Dear Future Boyfriend

Dear Future Boyfriend offers fans of Cristin O’Keefe Aptowicz a glimpse of the poet’s bittersweet past. The book is a reissue of her debut collection, which was initially published a little over a decade ago. As the title suggests, the focus of the collection is young love in all of its forms — excerpt, perhaps, the requited variety. Rather than coming across as a hopeless, pining adolescent throughout this volume, Aptowicz endears herself to the reader by coming across as a witty, charming, and self-deprecating adolescent who also happens to be hopeless and pining — a teen who wants nothing more than to be loved but also can’t help stopping to observe that a 25% off coupon for a discount bra store in the largest outlet mall in Pennsylvania does not make for the most romantic of anniversary gifts. Moreover, the poet doesn’t focus entirely on young love in this collection. Aptowicz also takes time to pay touching homage to her parents, her hometown, and the friends who shared the experiences that led her to becoming the poet she is today.

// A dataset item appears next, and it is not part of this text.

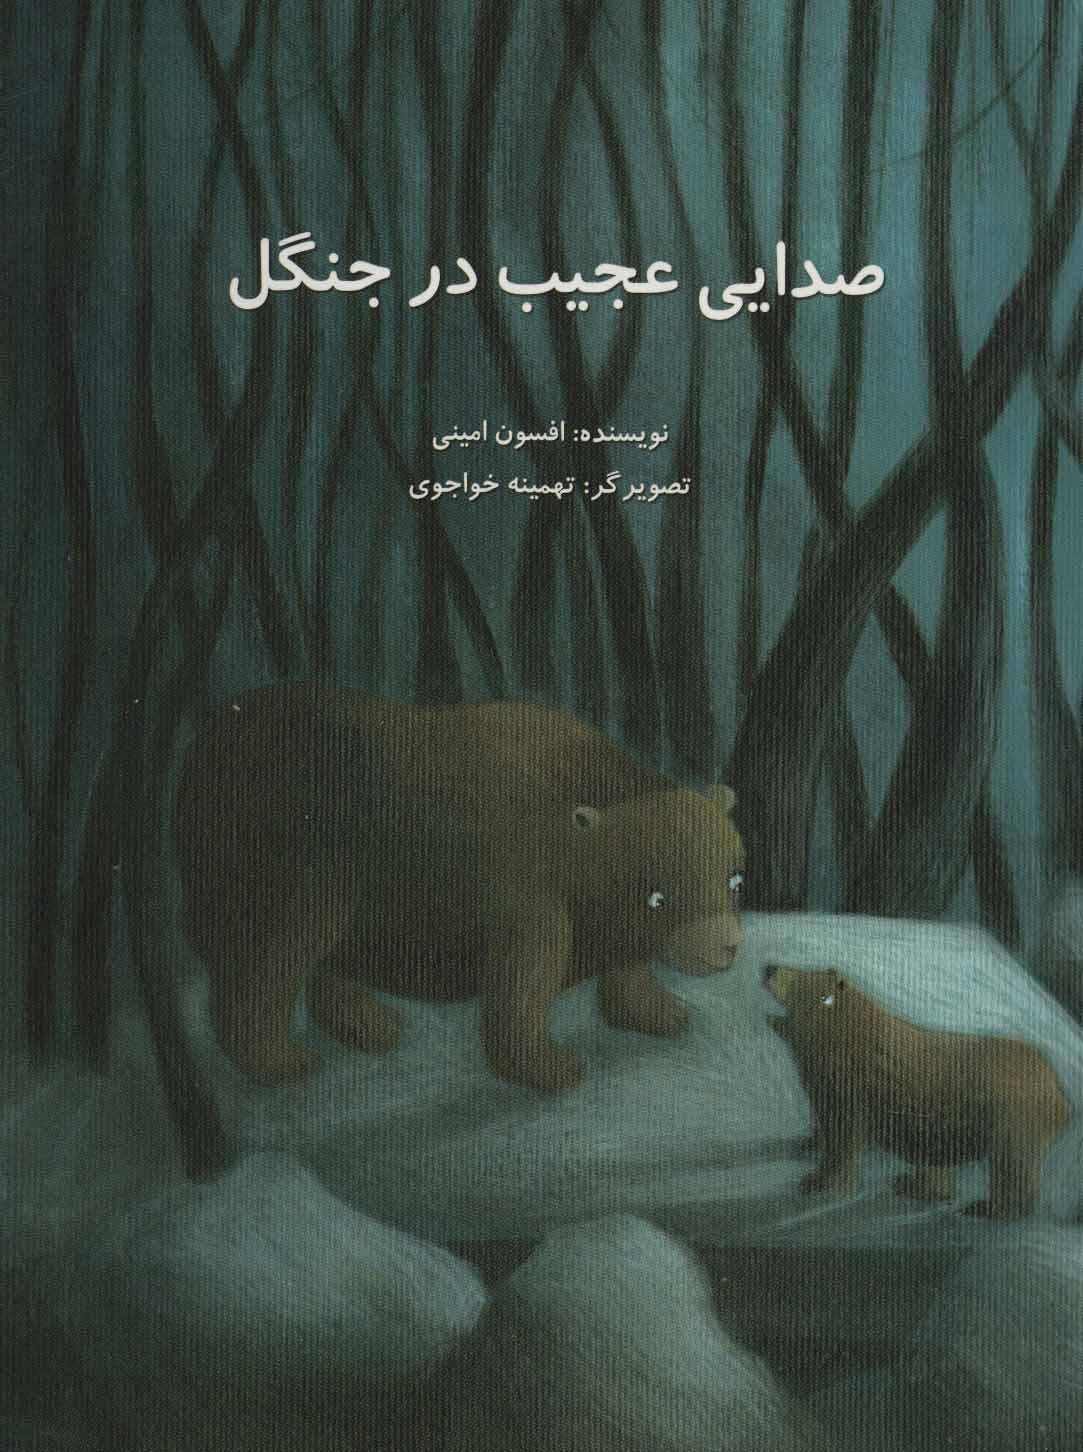 کتاب صدایی عجیب در جنگل

Of special note, at least for a Philadelphia native like myself, are the poems “August in Philadelphia,” which offers a backwards glimpse at the City of Brotherly Love as the poet prepares for her first big move to the Big Apple, and “To the Boy Who Builds and Paints Sets at the Arden Theatre Company in Philadelphia,” which is a fitting paean not only to the “boy” in question but also to hopeless infatuation itself. Also noteworthy are “The Guy Who Hated My Stuff on Poemfone (A Found Poem),” in which the poet reproduces a borderline psychotic voice-mail response to one of her poems to great comic effect, and “Hard Bargain,” which sees the poet making an IPO of sorts for the rights to her virginity.

Anyone who’s ever been young and in love will find something to enjoy in Dear Future Boyfriend. What’s more, fans of Cristin O’Keefe Apotwicz will enjoy bearing witness to the initial stirrings of wit and sharp observation that mark her later work. Overall, a fun and at times moving read.